When an application wants to save a frame as PNG, pass an image to WIC or GDI, or display video content in a UI, what it usually wants is an RGB pixel buffer.

But the frames that come out of a Media Foundation decoder are very often YUV-family formats such as NV12 or YUY2. If those raw bytes are treated as if they were already RGB pixels, the result is usually a broken image: wrong colors, stripes, or a suspicious green cast.

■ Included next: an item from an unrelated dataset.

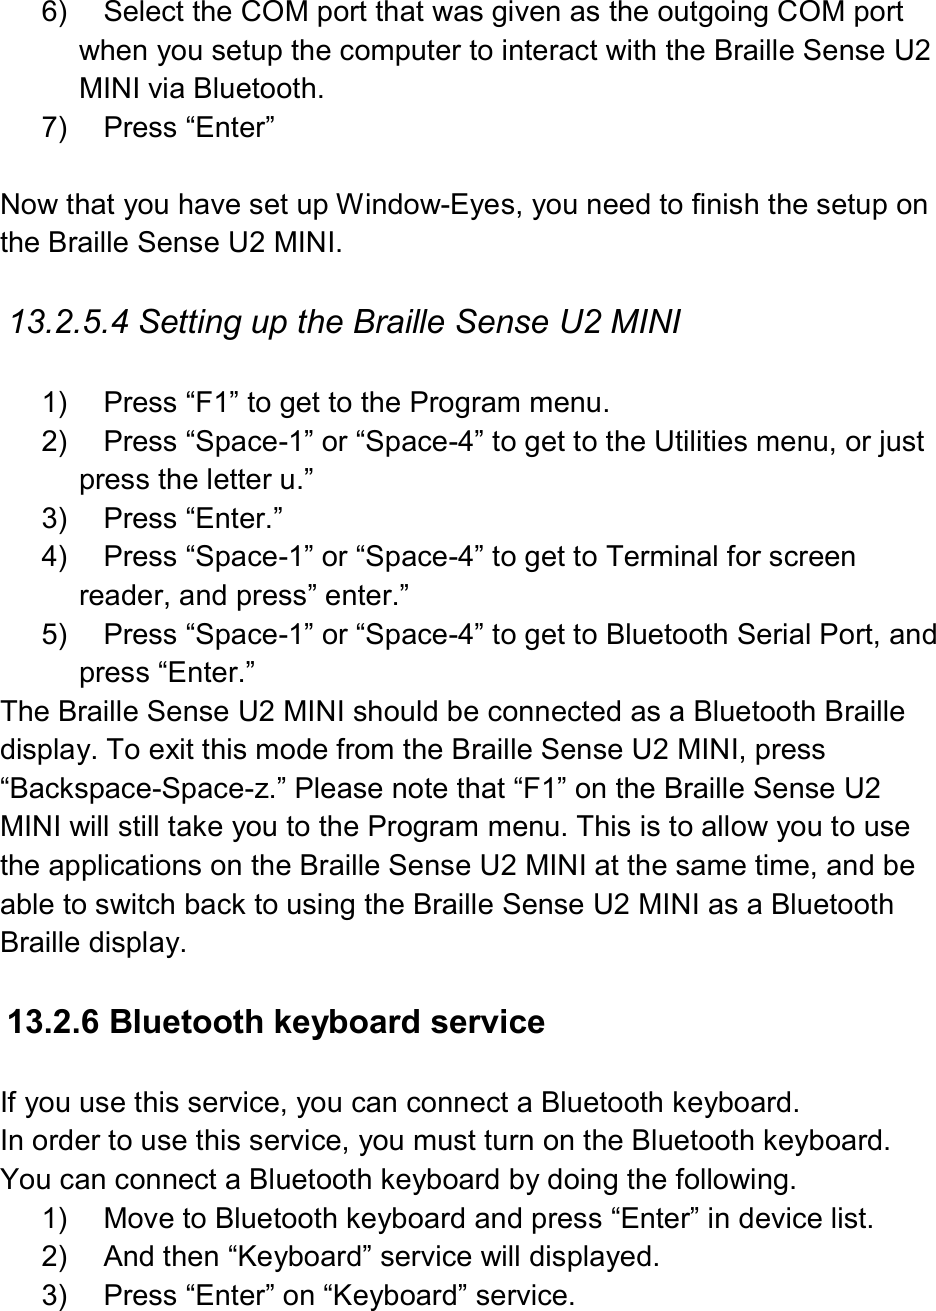  6)  Select the COM port that was given as the outgoing COM port when you setup the computer to interact with the Braille Sense U2 MINI via Bluetooth. 7)  Press “Enter”  Now that you have set up Window-Eyes, you need to finish the setup on the Braille Sense U2 MINI.  13.2.5.4 Setting up the Braille Sense U2 MINI  1)  Press “F1” to get to the Program menu. 2)  Press “Space-1” or “Space-4” to get to the Utilities menu, or just press the letter u.” 3)  Press “Enter.” 4)  Press “Space-1” or “Space-4” to get to Terminal for screen reader, and press” enter.” 5)  Press “Space-1” or “Space-4” to get to Bluetooth Serial Port, and press “Enter.” The Braille Sense U2 MINI should be connected as a Bluetooth Braille display. To exit this mode from the Braille Sense U2 MINI, press “Backspace-Space-z.” Please note that “F1” on the Braille Sense U2 MINI will still take you to the Program menu. This is to allow you to use the applications on the Braille Sense U2 MINI at the same time, and be able to switch back to using the Braille Sense U2 MINI as a Bluetooth Braille display.  13.2.6 Bluetooth keyboard service  If you use this service, you can connect a Bluetooth keyboard.   In order to use this service, you must turn on the Bluetooth keyboard. You can connect a Bluetooth keyboard by doing the following. 1)  Move to Bluetooth keyboard and press “Enter” in device list. 2)  And then “Keyboard” service will displayed. 3)  Press “Enter” on “Keyboard” service. 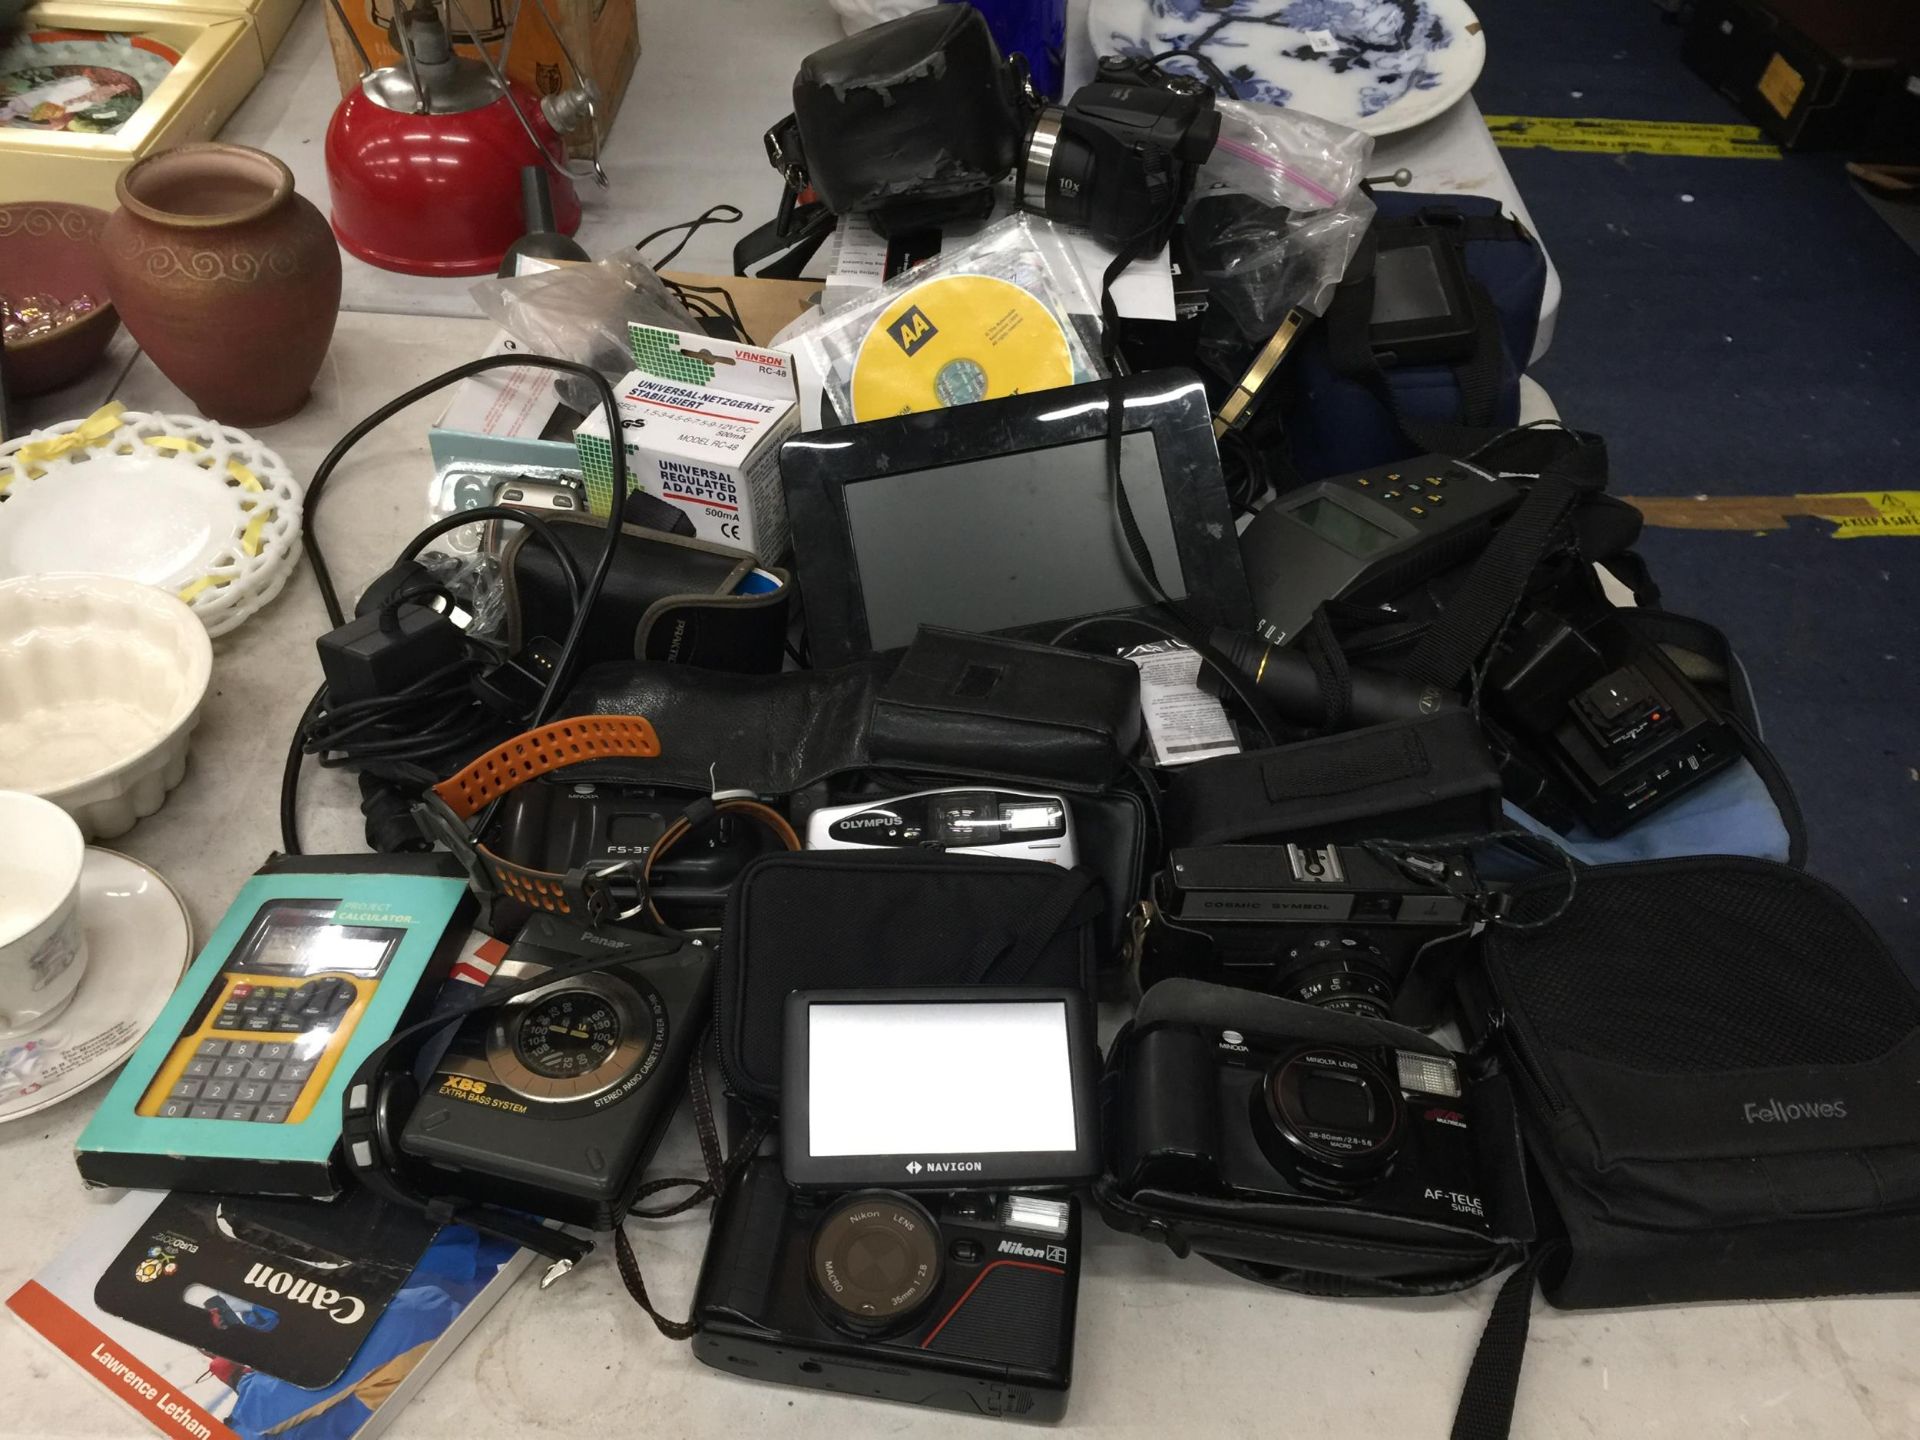 A LARGE COLLECTION OF CAMERAS TO INCLUDE COSMIC SYMBOL, FUJIFILM S5800, NIKON ETC

The earlier article What Media Foundation Is - Why It Starts to Feel Like COM and Windows Media APIs at the Same Time covered the broader shape of Media Foundation.
How to Extract a Still Image from an MP4 with Media Foundation - A Single .cpp File You Can Paste into a C++ Console App focused on still-image extraction.
This article sits in the middle and focuses on YUV to RGB conversion itself.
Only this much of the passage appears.